- Problem statement -
When you reach the line containing "کفش مردانه دگرمان" in the entries below, begin reproducing lines exactly, and stop once the line containing "Piston Rings Ring" is done.

- Given records -
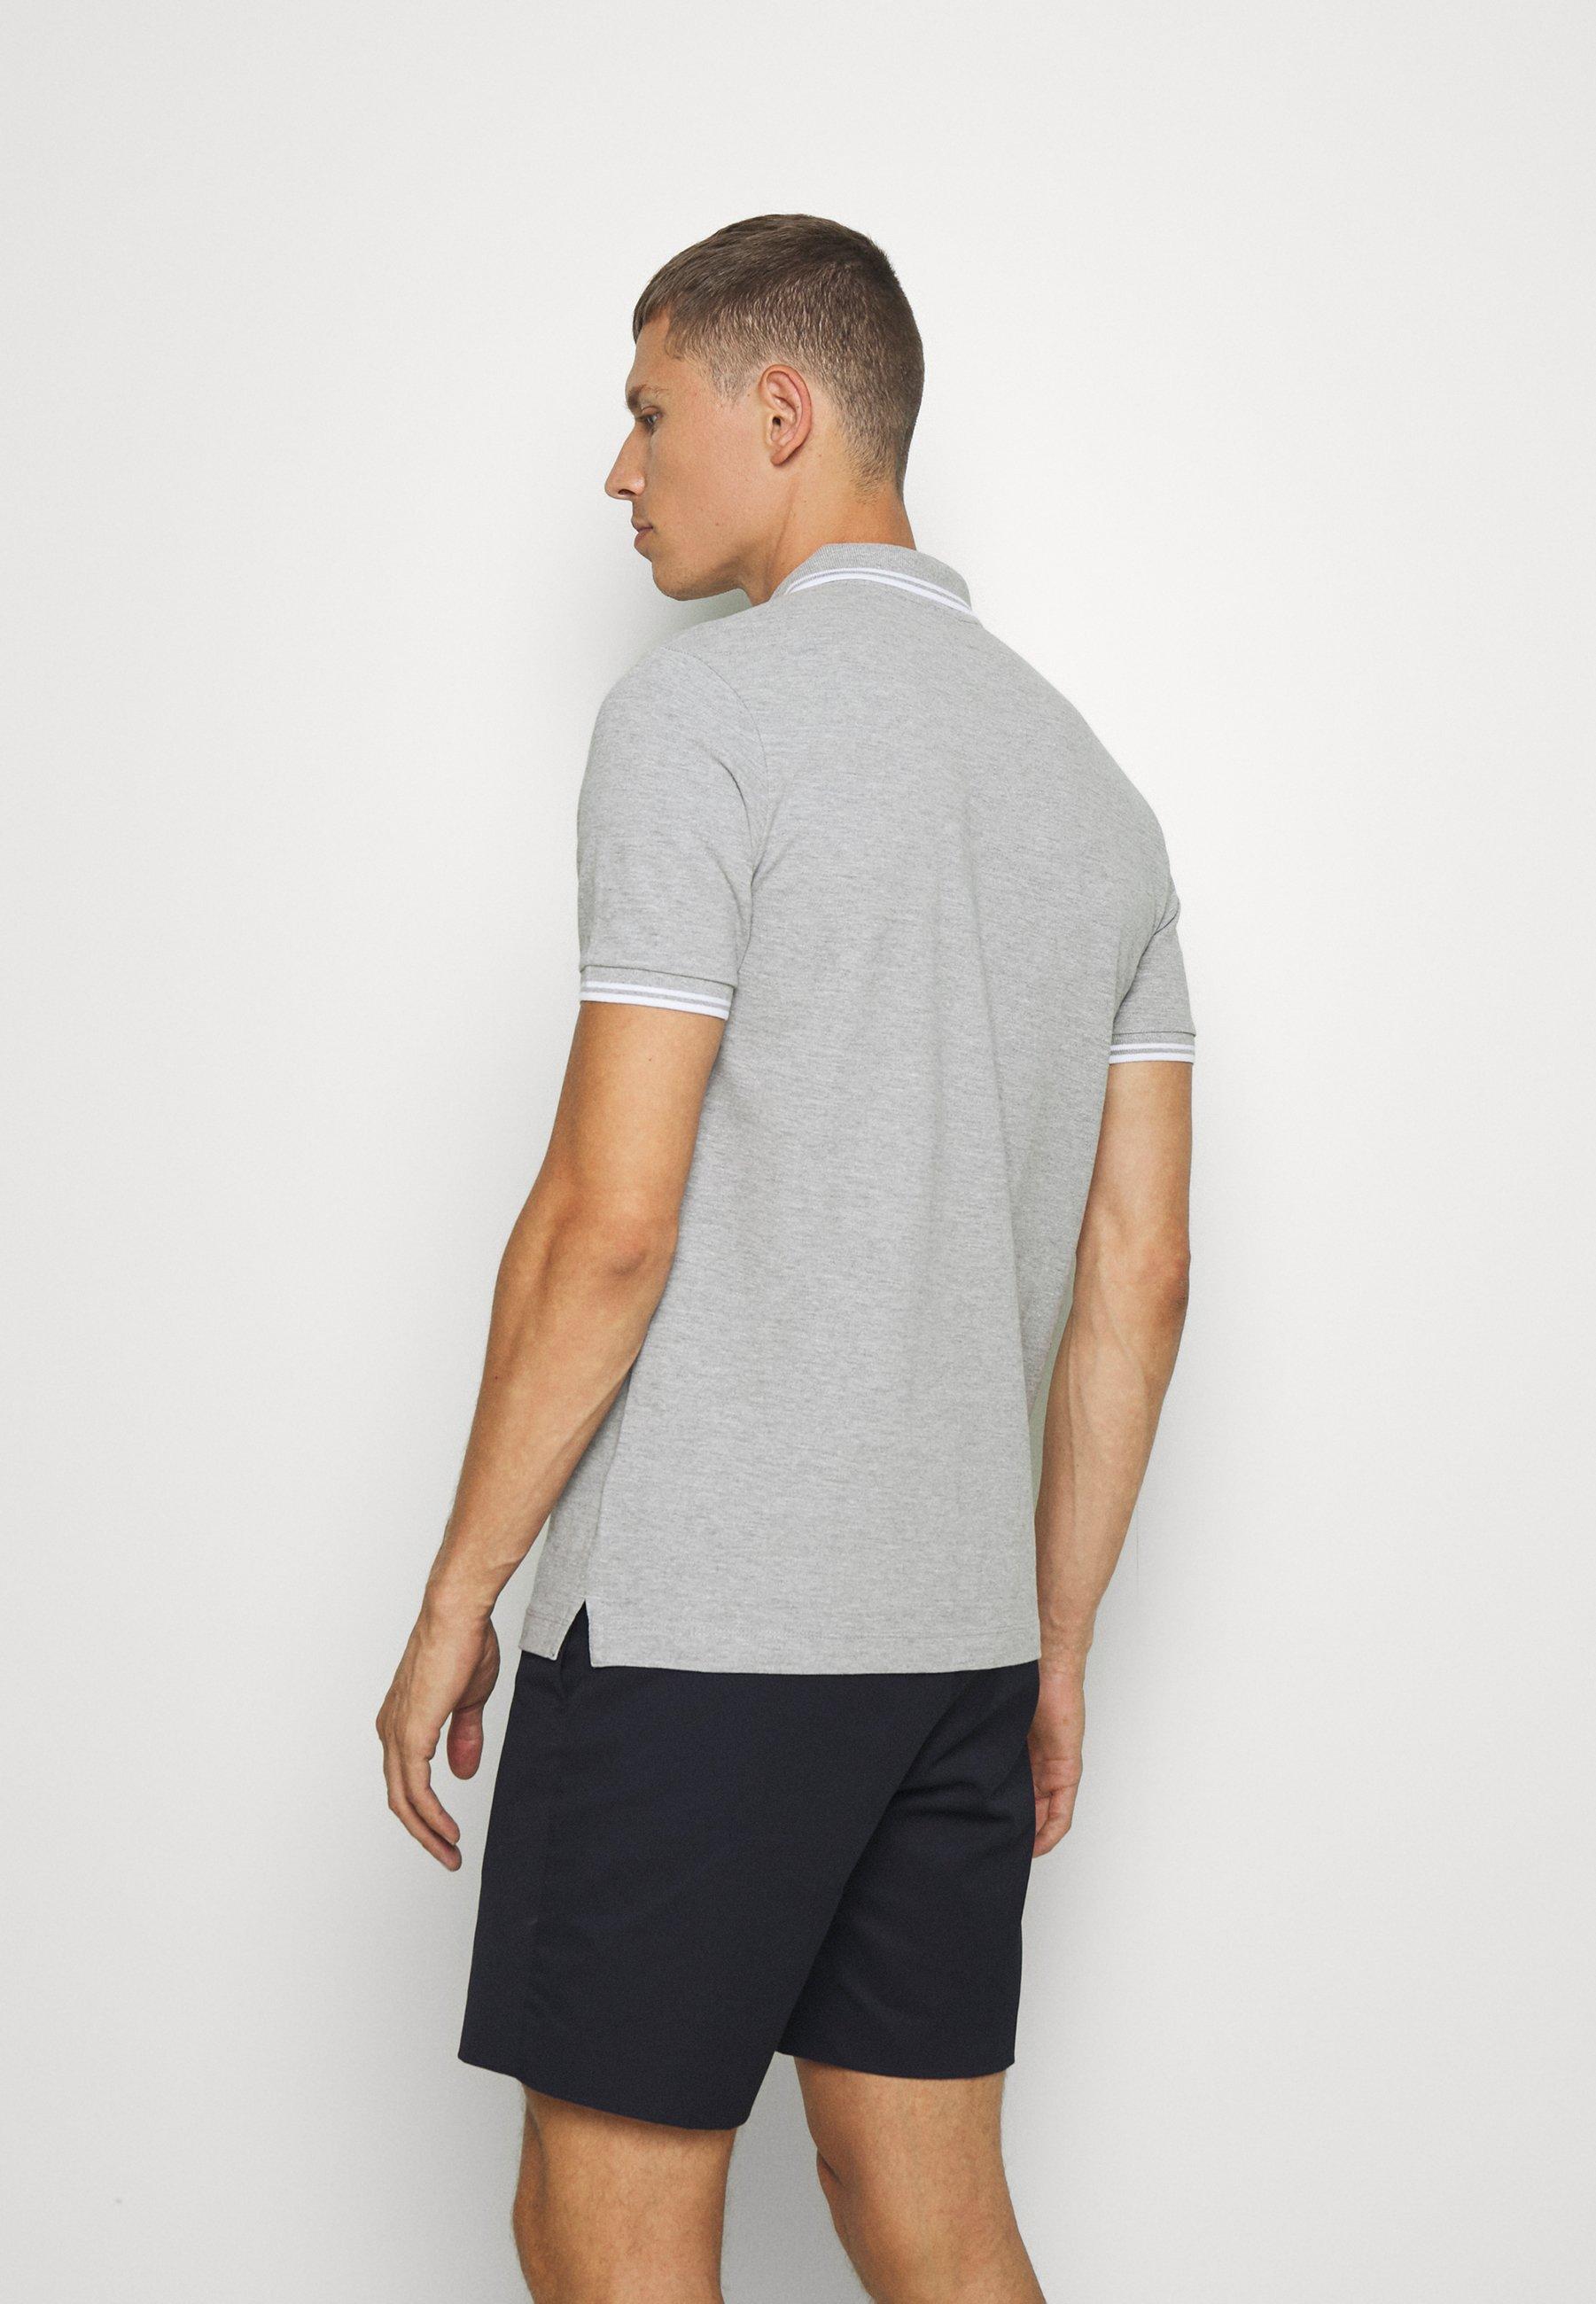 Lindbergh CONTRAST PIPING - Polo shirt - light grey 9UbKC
--
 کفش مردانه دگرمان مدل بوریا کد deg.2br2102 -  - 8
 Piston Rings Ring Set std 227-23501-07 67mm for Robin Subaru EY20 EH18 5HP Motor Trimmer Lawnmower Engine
==
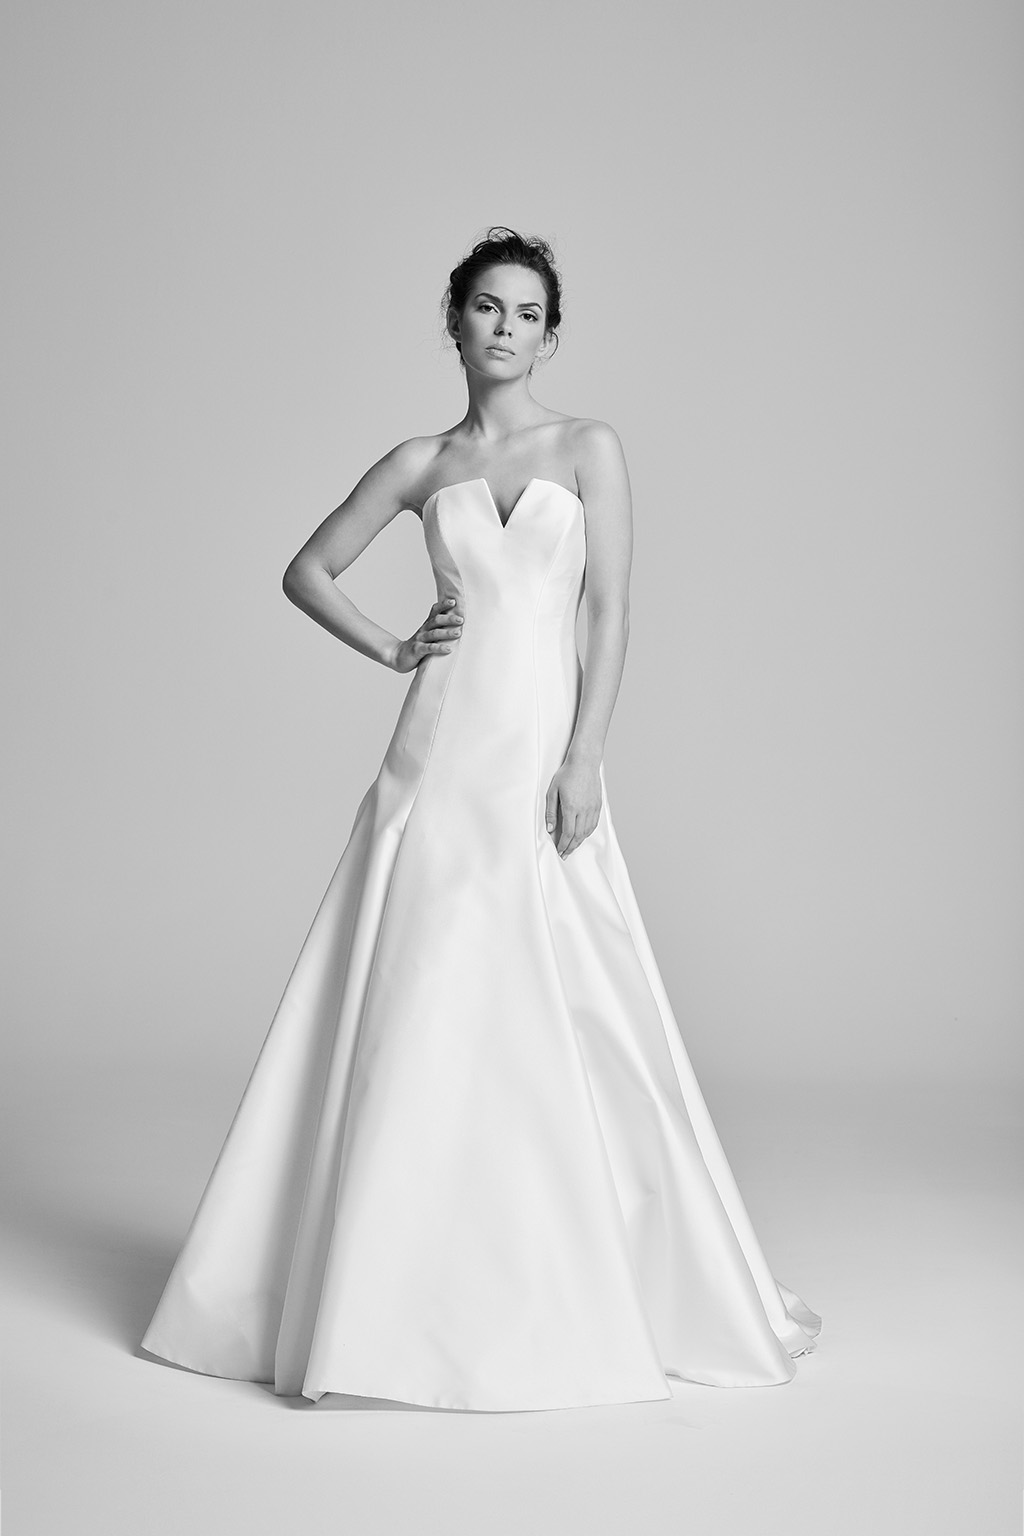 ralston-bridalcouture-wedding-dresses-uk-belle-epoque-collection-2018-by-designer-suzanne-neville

- Task result -
 کفش مردانه دگرمان مدل بوریا کد deg.2br2102 -  - 8
 Piston Rings Ring Set std 227-23501-07 67mm for Robin Subaru EY20 EH18 5HP Motor Trimmer Lawnmower Engine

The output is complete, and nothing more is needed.